Yavaş'tan yak...

Ankara Büyükşehir Belediye Başkanı Mansur Yavaş, Boğaziçi Üniversitesi Rektörü Prof. Dr. Melih Bulu'yu açık mektupla istifaya davet etmiş. Bulu'ya seslenen Yavaş, 'Eğer bir kurban verilecekse, akademik barışı, gençliği ve geleceğimizi değil, makamınızı kurban verin' ifadelerine yer vermiş.

Yavaş'tan yak...
TAKİP ET Google News ile Takip Et

Hey gidi eskilerin ülkücü Mansur’u. Hey gidi Cumhurbaşkanı Erdoğan’a karşı en şanslı görülen CHP’nin yeni gönüldaşı.  


Hey gidi yeni mahallesine yaranmak için, devletin tüm yasal şartları oluşmuş bir atamaya rağmen rektöre, “kendini kurban et” tavsiye ve telkininde bulunan Mansur.
Bakın Mansur efendinin dediklerine;


“ Sayın Melih Bulu, bir yönetici sorumluluğu ile size bu mektubu yazıyorum. Gerginliklerden yorulmuş olan ülkemizde, elinize tarihi bir fırsat geçti. Tek bir hareketinizle, ülkemize ve milletimizi büyük bir iyilik yapabilirsiniz. Boğaziçi Üniversitesi’nde yaşanan ve ülkeye yayılma eğilimi gösteren krizle ilgili, belki de hiçbir siyasi liderde, hiçbir partide ve hiçbir sivil toplum kuruluşunda olmayan bir imkana sahipsiniz.


Sorumluluk sahibi bir bilim adamı olduğunuzu göstererek, atandığınız rektörlük görevinden feragat edip, ülkemiz adına tarihi bir fedakarlık yapabilirsiniz. Lütfen bir feraset örneği gösterin ve isminiz üzerinden gençlerimizin, güvenlik güçlerimizin, toplumsal kesimlerimizin karşı karşıya gelmesine daha fazla izin vermeyin.


İsminiz, kamplaşmanın bir öznesi değil, ülkesi ve milleti için makamdan fedakarlık yapabilen bir bilim adamı olarak anılsın. Bu tarihi olgunluğu, kendinizden ve milletimizden esirgemeyin.”

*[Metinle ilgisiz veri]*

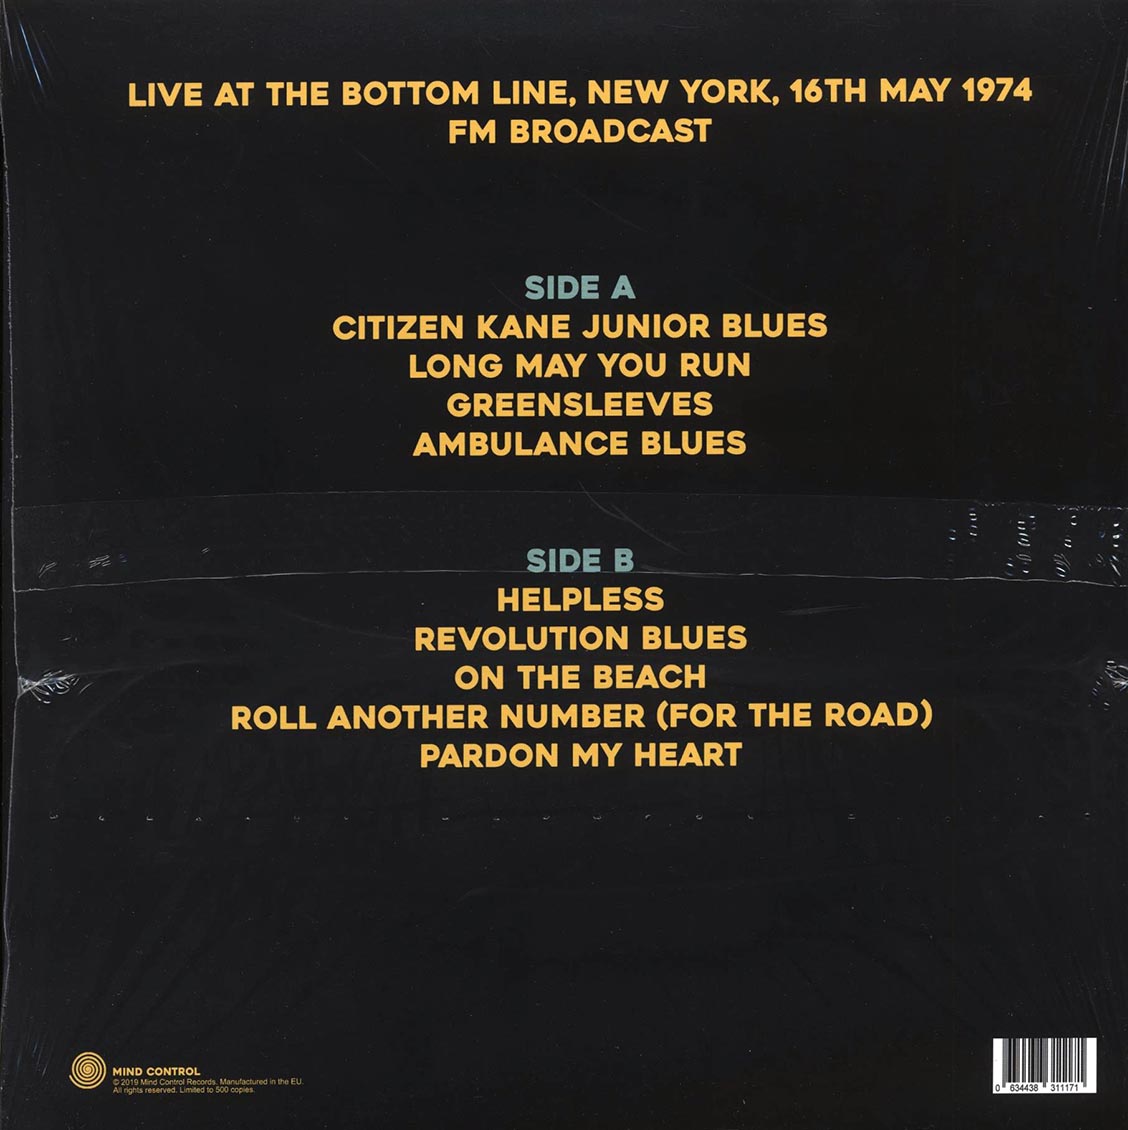 Neil Young - Revolution Blues: Live At The Bottom Line, New York, 16th May 1974 (ltd. 500 copies made) - Vinyl LP, LP

Bu cümleleri yazan soldan biri değil. “devlet başa kuzgun leşe” düsturu içinde yetişen bir adam.


Yine “devlet ebet müddet” ilkesini benimseyen bir geleneğin ekmeğini yemiş suyunu içmiş bir adam.


Açıkça diyor ki Mansur Efendi rektöre, sen bırak bu işi evine dön. Peki sonra. Sonra yeni bir atama. Sonra… Yeniden eylemler.


Dahası var. Boğaziçi rektörünün istifası demek ve bunun yolunu açmak demek, bugünden sonra yapılan her atamanın tartışılması ve hatta istifasını istemek demektir. 
Bu uygulama ile artık siz okula bile müdür atayamazsınız. Zira lise öğrencileri de protesto hakkını kullanır ve istifasını isteyebilir.


Devletin işleyişi ve kamu düzeni açısından bu tür basitliklere pabuç bırakılmaz, bırakılmayacak.


Boğaziçi Üniversitesi’nin öğrencisi olsa da olmasa da bu tür sözde demokratik tepkilerin altındaki asıl amaç devleti ve kamuyu yıpratmak, kaos ortamı oluşturmak ve bundan birilerinin faydalanmasının önünü açarak ülkenin yükselişinin önüne geçmektir.


Herkesi anlardık da gelecekte sağ, mütedeyyin ve devleti önceleyen kesimlerin de oylarına talip müstakbel Cumhurbaşkanı adayından bu çıkışı beklemezdik.


Aslında Erdoğan’a  büyük bir koz verdi Mansur Yavaş. Belediye hizmetleri ve diğer güncel konularda susmayı ısrarla tercih eden Yavaş’ın, yarınlarda başına büyük bela olacak bu mektup için küheylan kesilmesi Erdoğan’ın hem elini güçlendirdi hem de işini çok kolaylaştırdı.